Presentato presso il Palagio Badiale di Cassino il "Diario di Guerra" di Peppino Tomasso.

L'Abate Donato ha partecipato con grande piacere venerdì 20 maggio alla presentazione del "Diario di Guerra" di Peppino Tomasso, un racconto dei terribili giorni dal 10 settembre 1943 al 5 luglio 1944 durante i quali l'Abbazia di Montecassino e la città di Cassino furono rase al suolo e Peppino Tomasso con la sua famiglia era tra Portella e Nicastro.

La presentazione, svoltasi all'interno del Palagio Badiale di Cassino, presso la Sala degli Abati, ha visto un 'tutto esaurito' in termini di posti a sedere e suscitato grande interesse ed emozione in tutti i partecipanti che poi hanno ricevuto ciascuno una copia del Diario.

Dopo i saluti iniziali da parte del sindaco della Città di Cassino, Giuseppe Golini Petrarcone, il prof. Ciro Attaianese, ex rettore dell'Ateneo di Cassino e del Lazio Meridionale, nel suo commento al testo del Tomasso, ha messo in evidenza i molteplici stati d'animo che si possono riscontrare nelle pagine del Diario, a testimonianza di come l'immediatezza della trascrizione abbia reso in modo così pregnante quanto imprevedibile fosse la vita e la singola giornata in quei tragici giorni.

L'Abate Donato ha, dal canto suo, sottolineato come, nelle giornate descritte da Peppino Tomasso, non manchi mai il riferimento alla fede, quell'affidarsi e quell'aggrapparsi alla fede che permette di superare momenti difficilissimi e a volte di sconforto, celato agli occhi dei suoi cari che avevano bisogno di tutta la forza del capofamiglia per poter pensare ad un epilogo positivo dei momenti che stavano vivendo.

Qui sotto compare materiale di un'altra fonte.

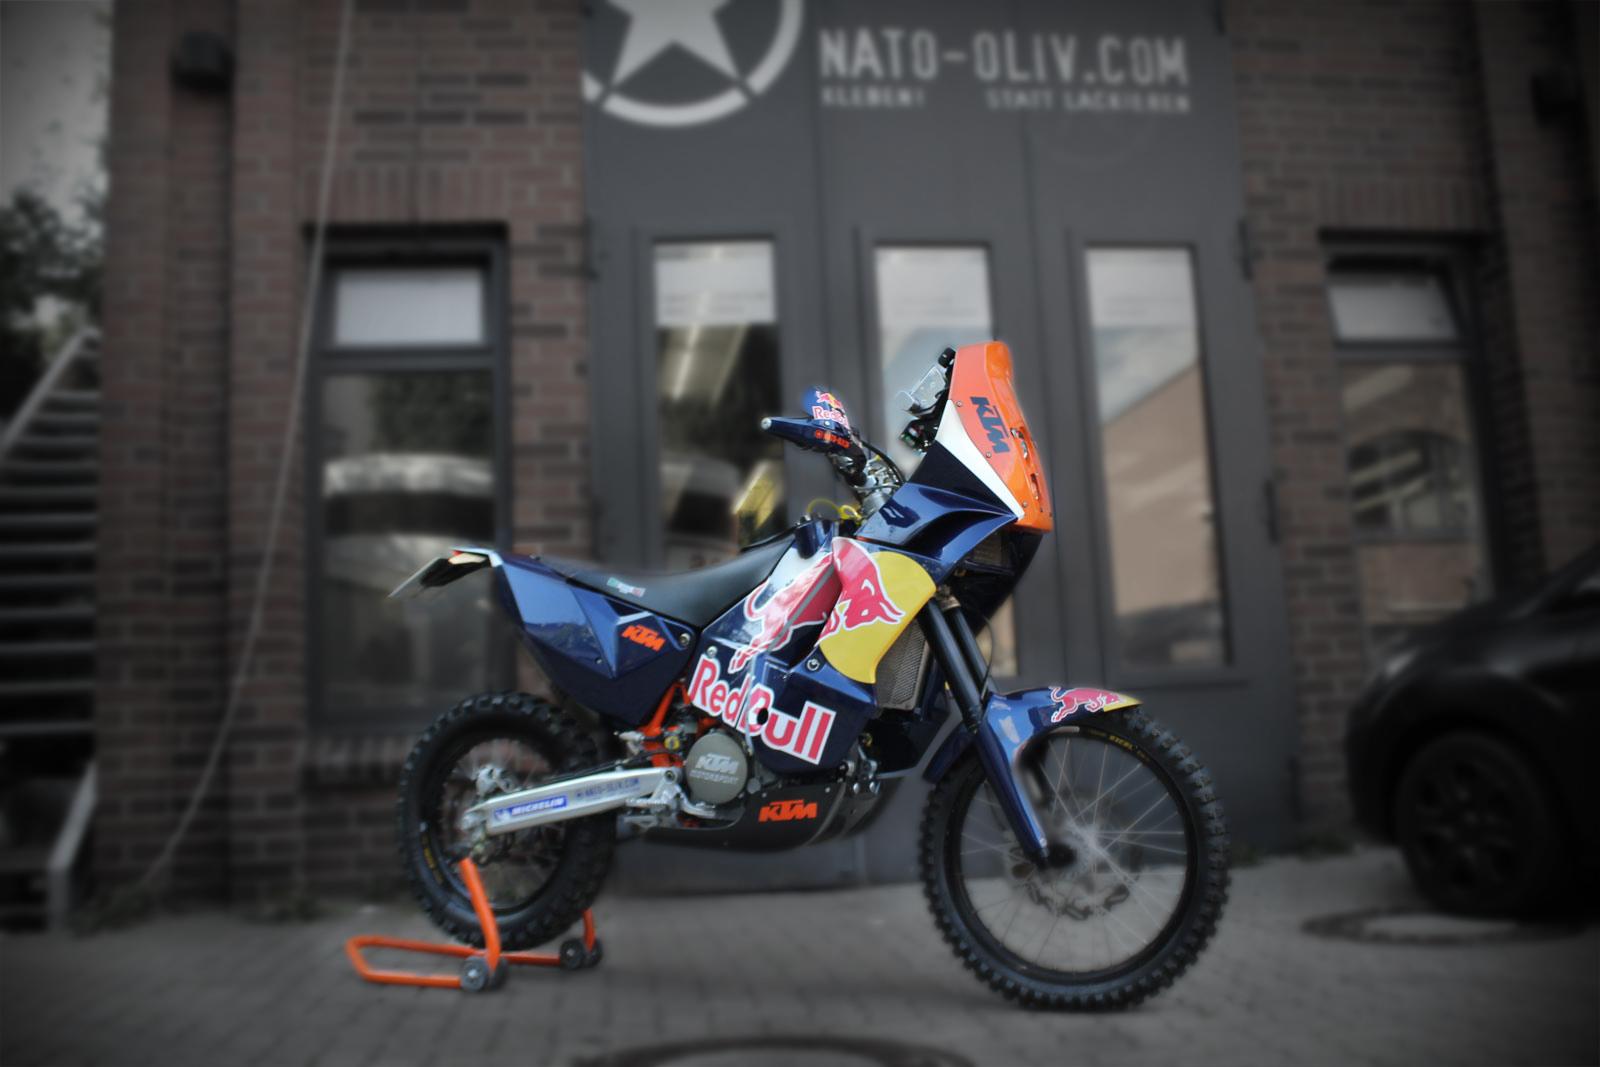 Dieses KTM Motorrad wurde von uns gebrandet und Teile wurden in orange foliert.

A curare la pubblicazione del volume, edito dal Centro Documentazione e Studi Cassinati, è stata Mariella Tomasso, nipote di Peppino, cha ha voluto far conoscere a tanti questo Diario ed ha fortemente creduto nella importanza storico - culturale oltre che personale ed emotiva di queste righe scritte dal nonno e pazientemente e con amore da lei trascritte.